Mon | Sep 15, 2025

New York’s commuter rail system averts possible strike as unions ask Trump for help

Published:Monday | September 15, 2025 | 2:54 PM
An Atlantic Terminal bound LIRR train arrives at the Nostrand Avenue station, July 9, 2017, in New York.
An Atlantic Terminal bound LIRR train arrives at the Nostrand Avenue station, July 9, 2017, in New York.

NEW YORK (AP) — A potential strike has been averted that could have shut down the nation’s largest commuter rail system this week.

Unionised workers for the Long Island Railroad announced they voted overwhelmingly Monday to authorize their labour leaders to call a strike if an agreement on a new contract isn’t reached.
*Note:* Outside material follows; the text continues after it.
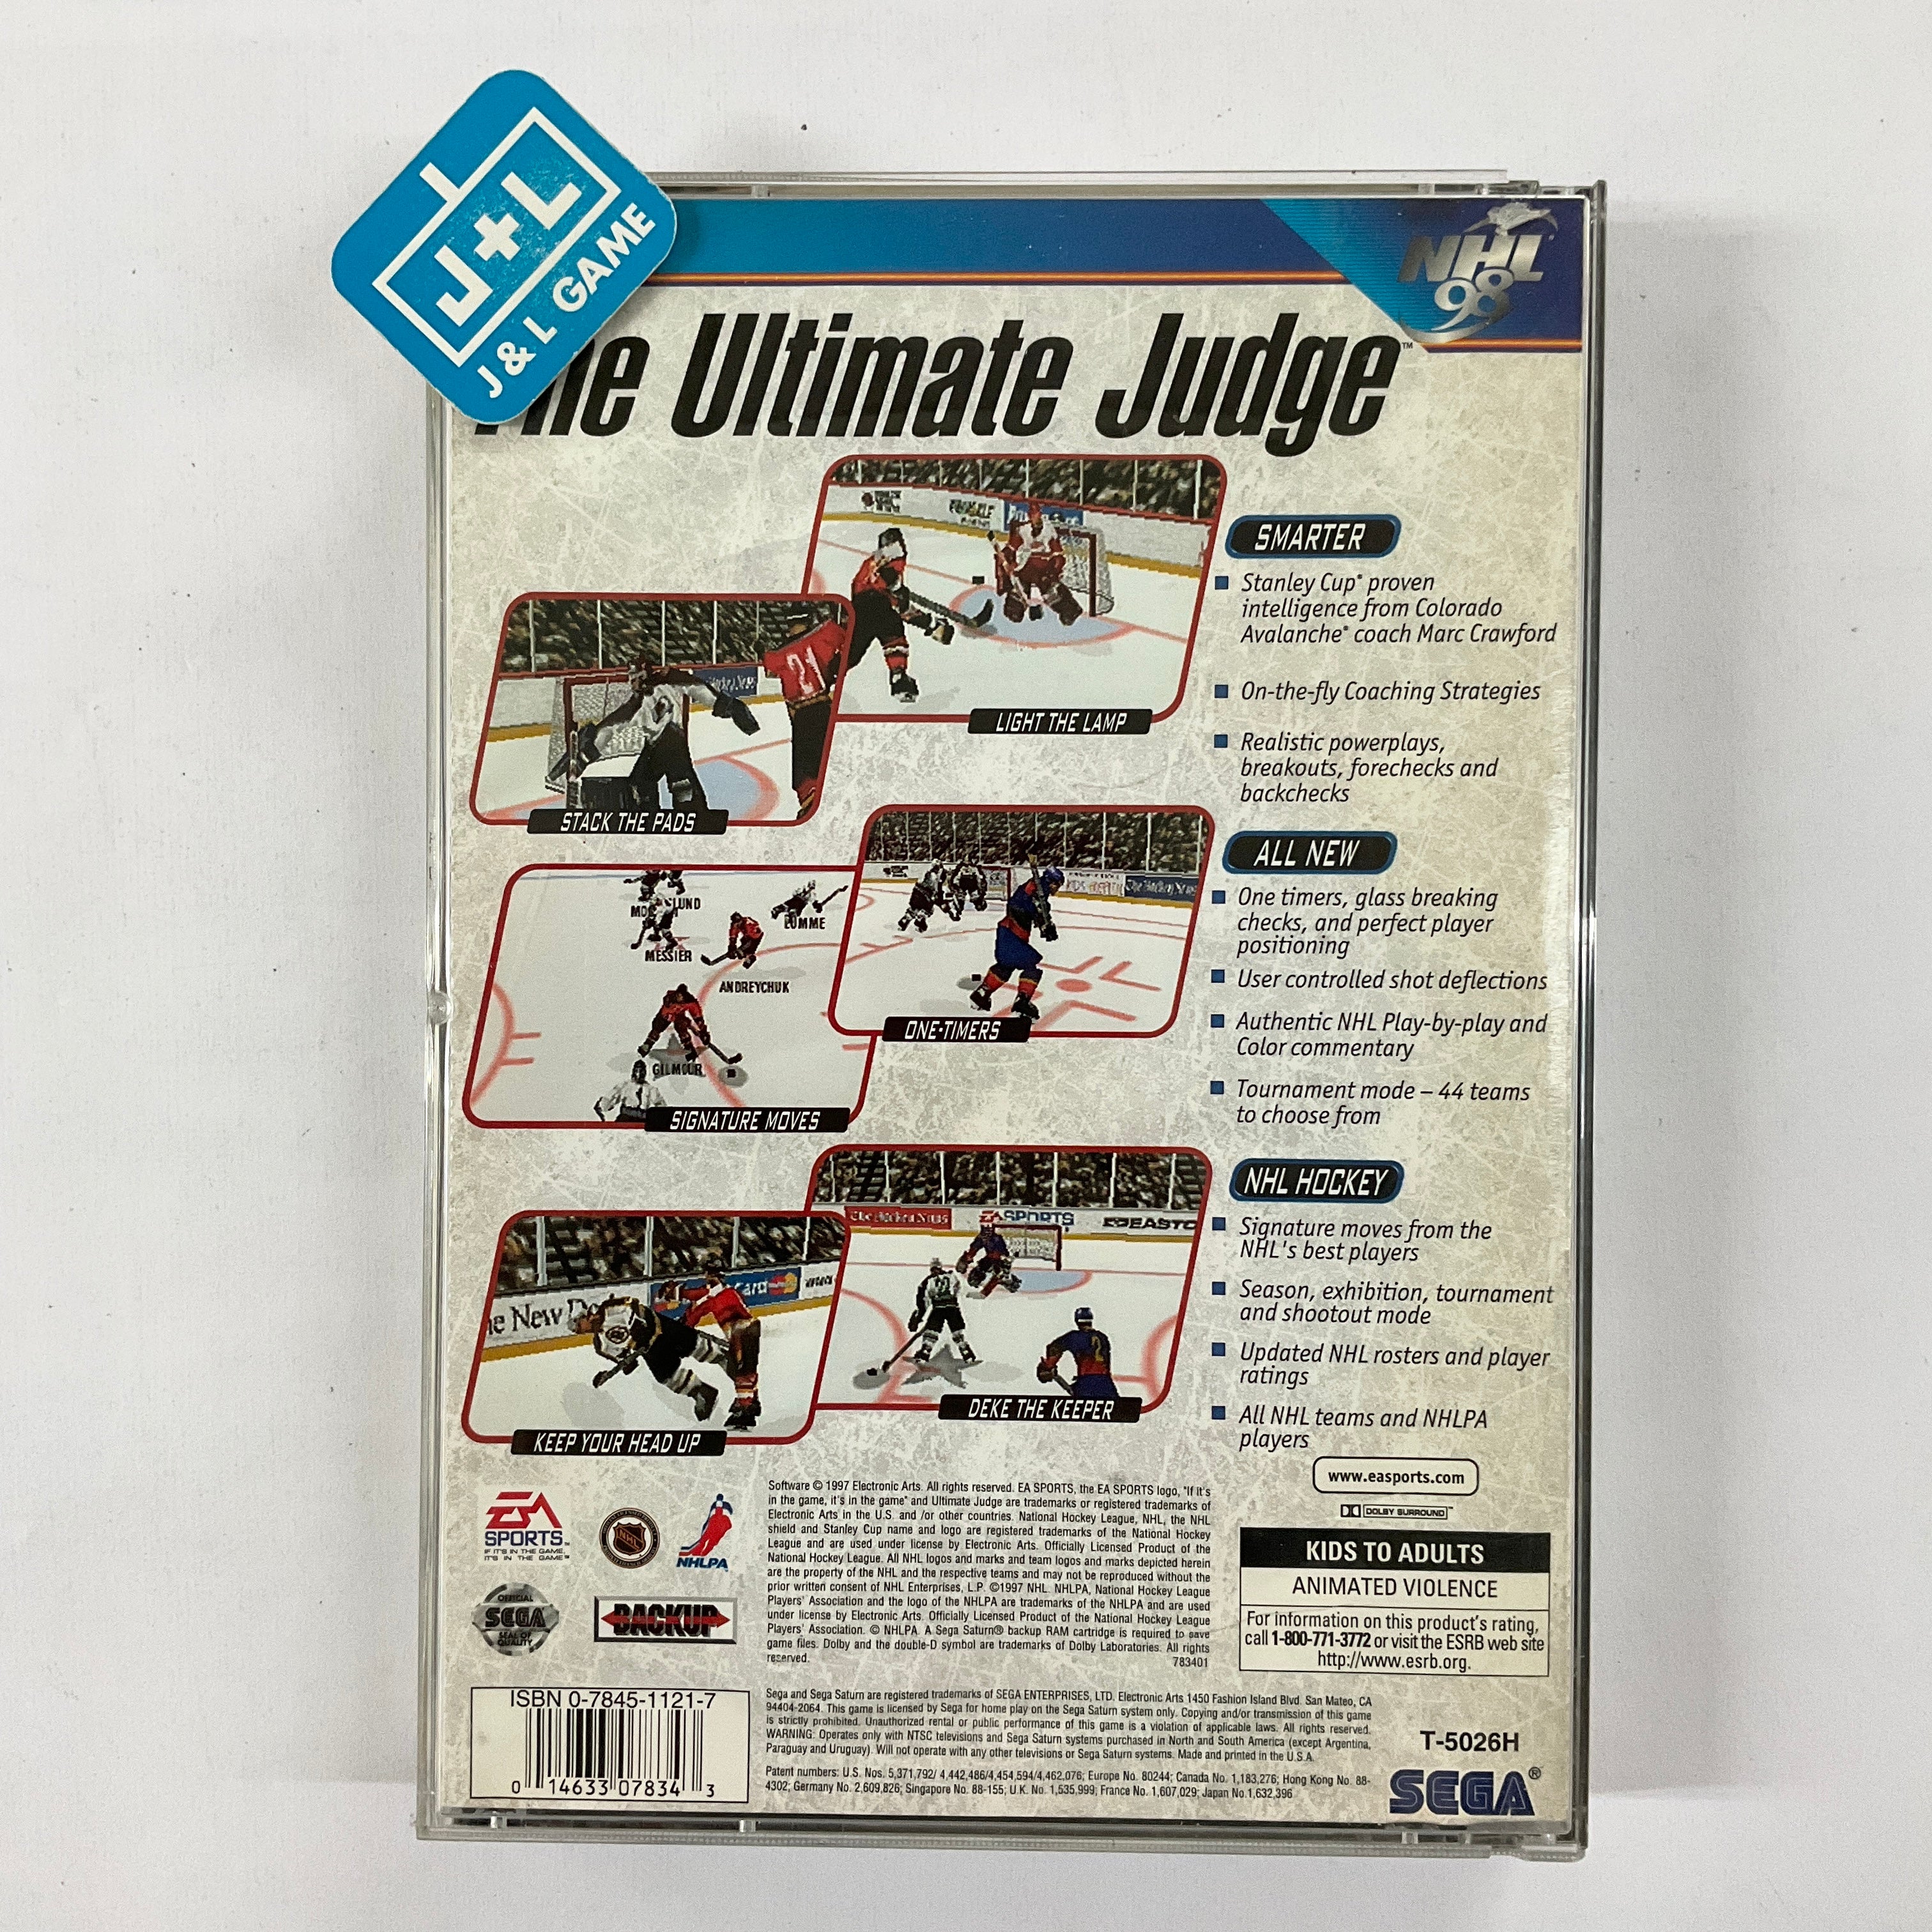 NHL 98 - (SS) SEGA Saturn [Pre-Owned] Video Games Sega   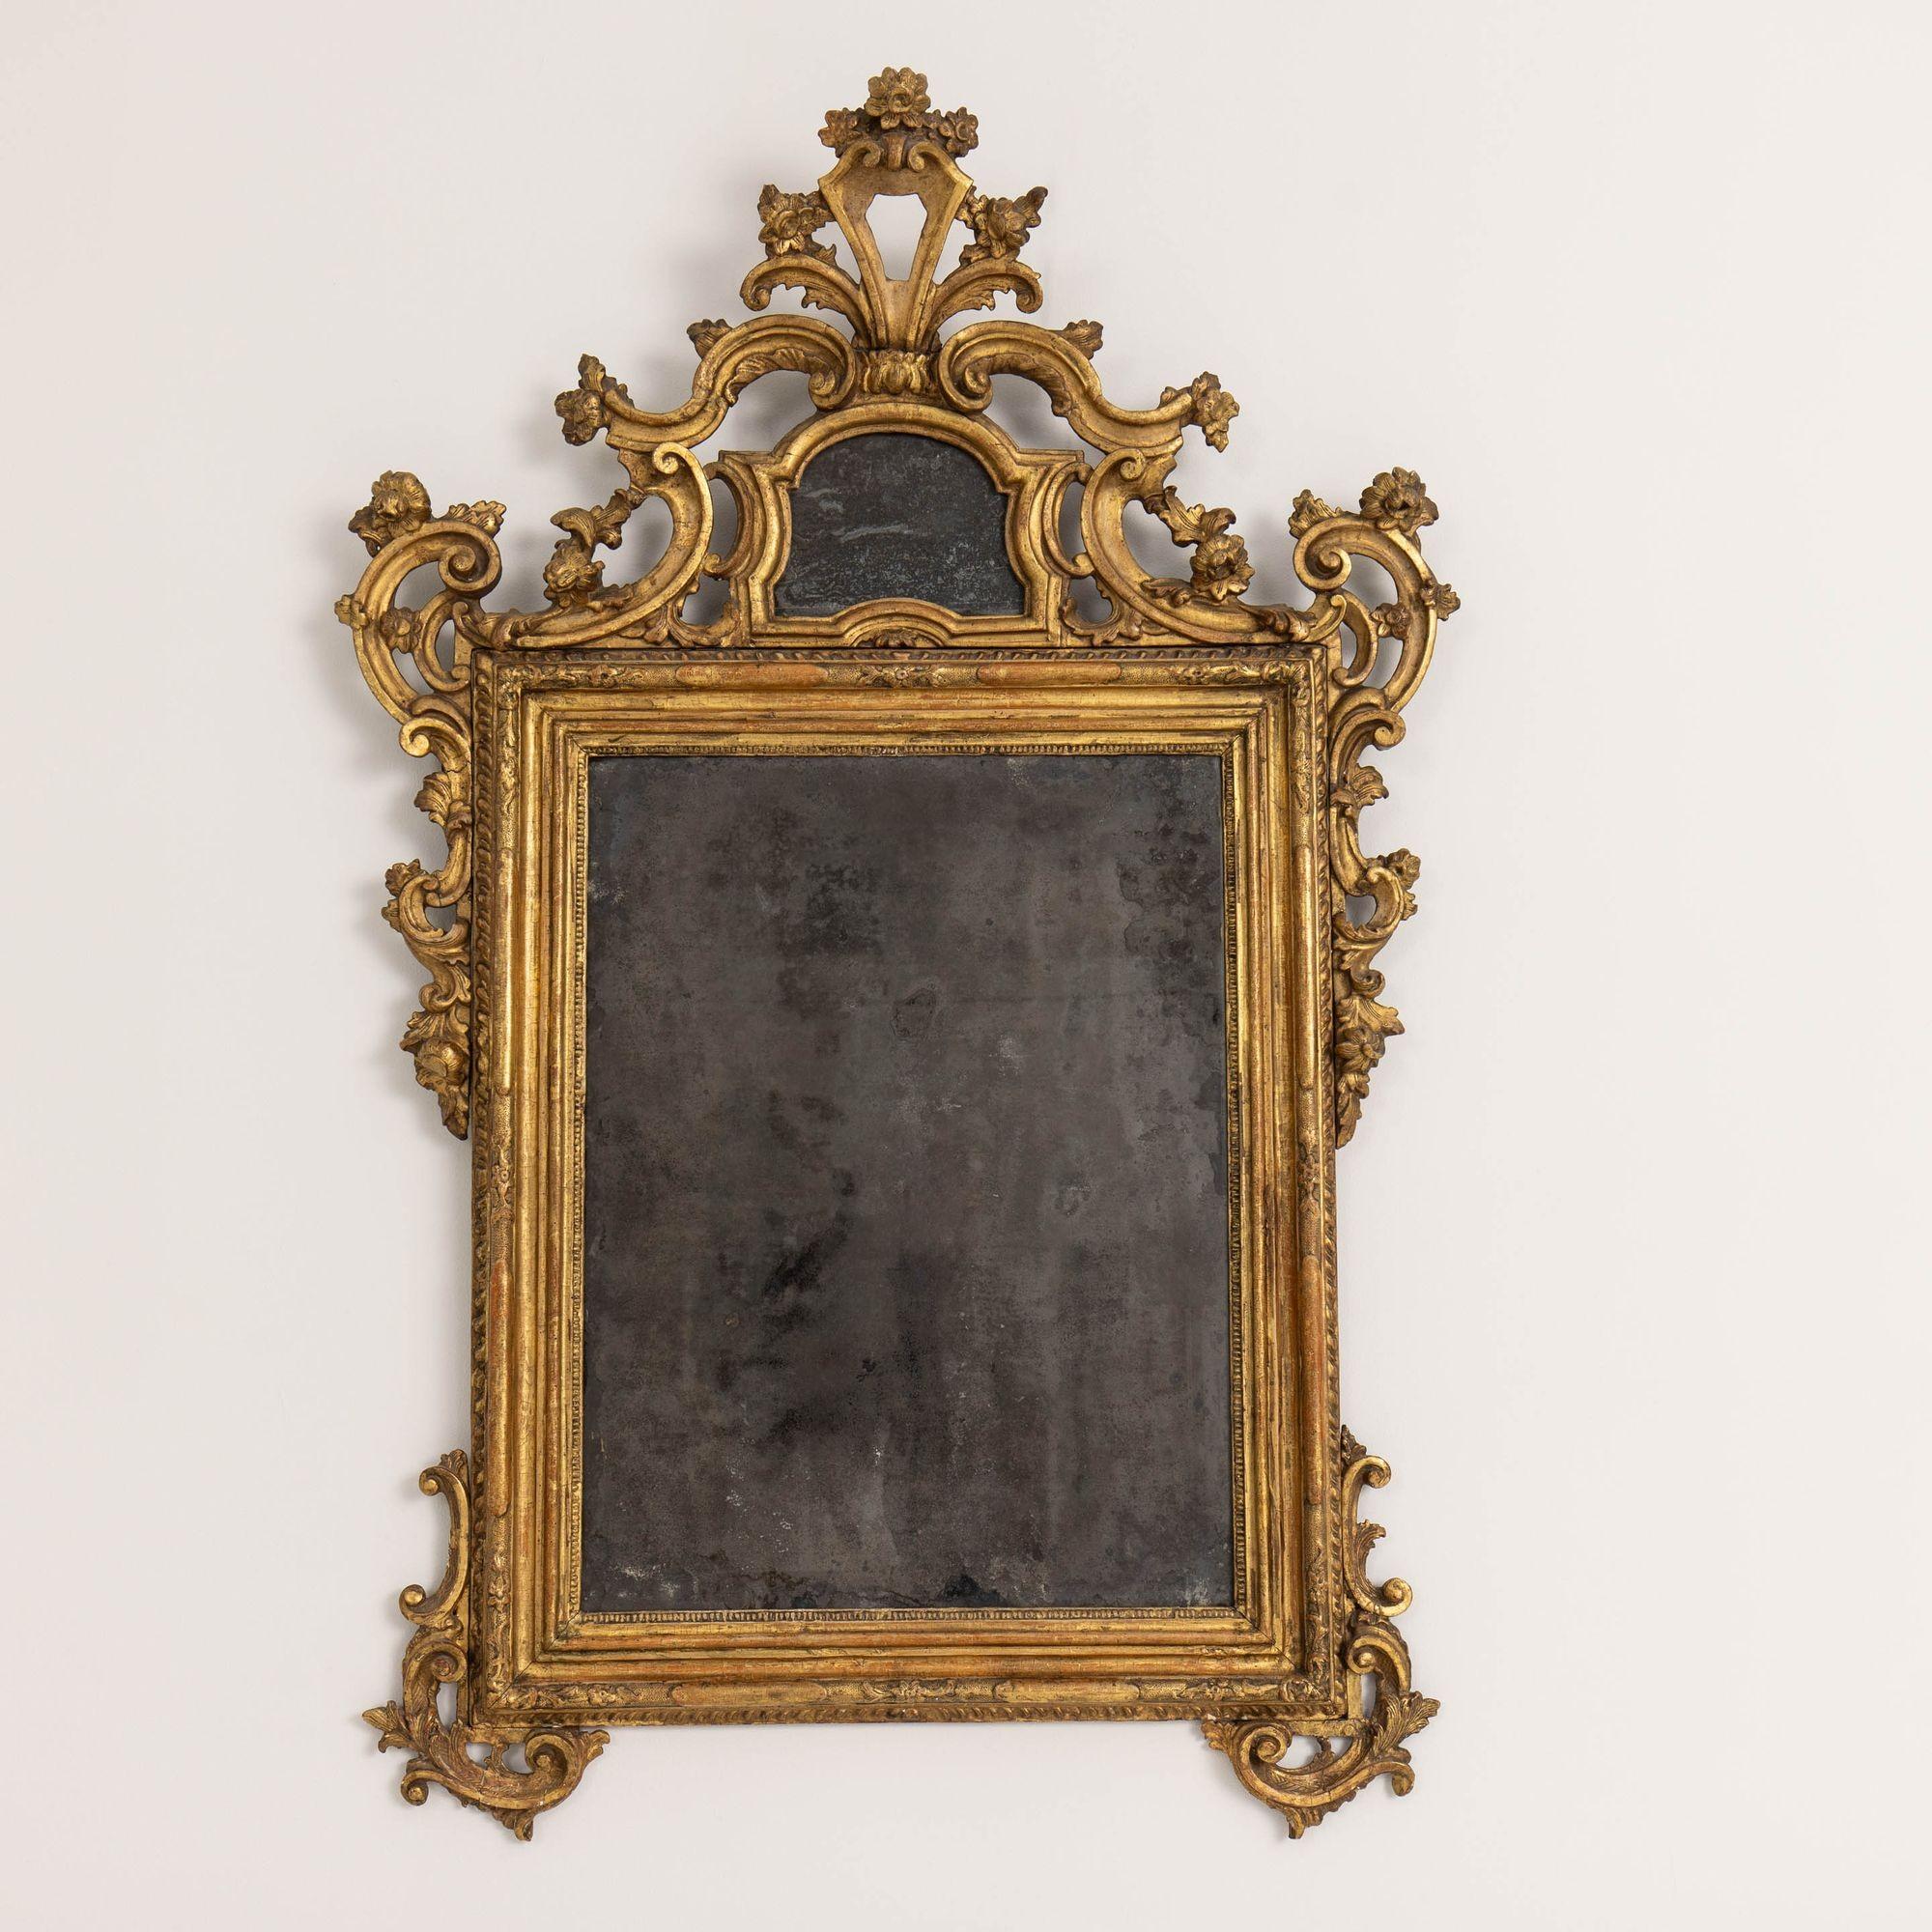 Exquis miroir vénitien du XVIIIe siècle de la période baroque, avec des plaques d'origine en bois doré et au mercure magnifiquement vieillies, vers 1740. Elle repose sur deux pieds à enroulement, avec des motifs de fleurs et de feuilles d'acanthe

But officials representing locomotive engineers, machinists, signalmen and other train workers said they’ve also asked President Donald Trump to intercede by forming an emergency board that delays the potential for a strike at least for a few more months.

Union leaders said the earliest a strike could happen is in January while the Presidential Emergency Board, once formed, reviews the contract dispute and presents its recommendations.

A strike, which could have happened as early as Thursday under federal rules, would have impacted some 250,000 riders who ride the LIRR to work each day to and from New York City and its eastern suburbs.

A work stoppage would have also thrown a wrench in the Ryder Cup, which begins September 26.

The three-day men’s golf tournament between players from the US and Europe is expected to bring 225,000 spectators to Bethpage State Park in Farmingdale on Long Island.

“This action does not mean a strike won’t happen, but it does mean it won’t happen now,” said Gil Lang, general chairman for the union representing LIRR locomotive engineers, at a news conference at the union’s office in Manhattan on Monday.

“We will continue to be the adults in the room,” he added. “A strike is the last thing we want, and we’ll do everything we can to avoid that.”

The Metropolitan Transportation Authority, which oversees the LIRR and other area transit systems, dismissed the union’s announcement as a “cynical delay” that “serves no one.”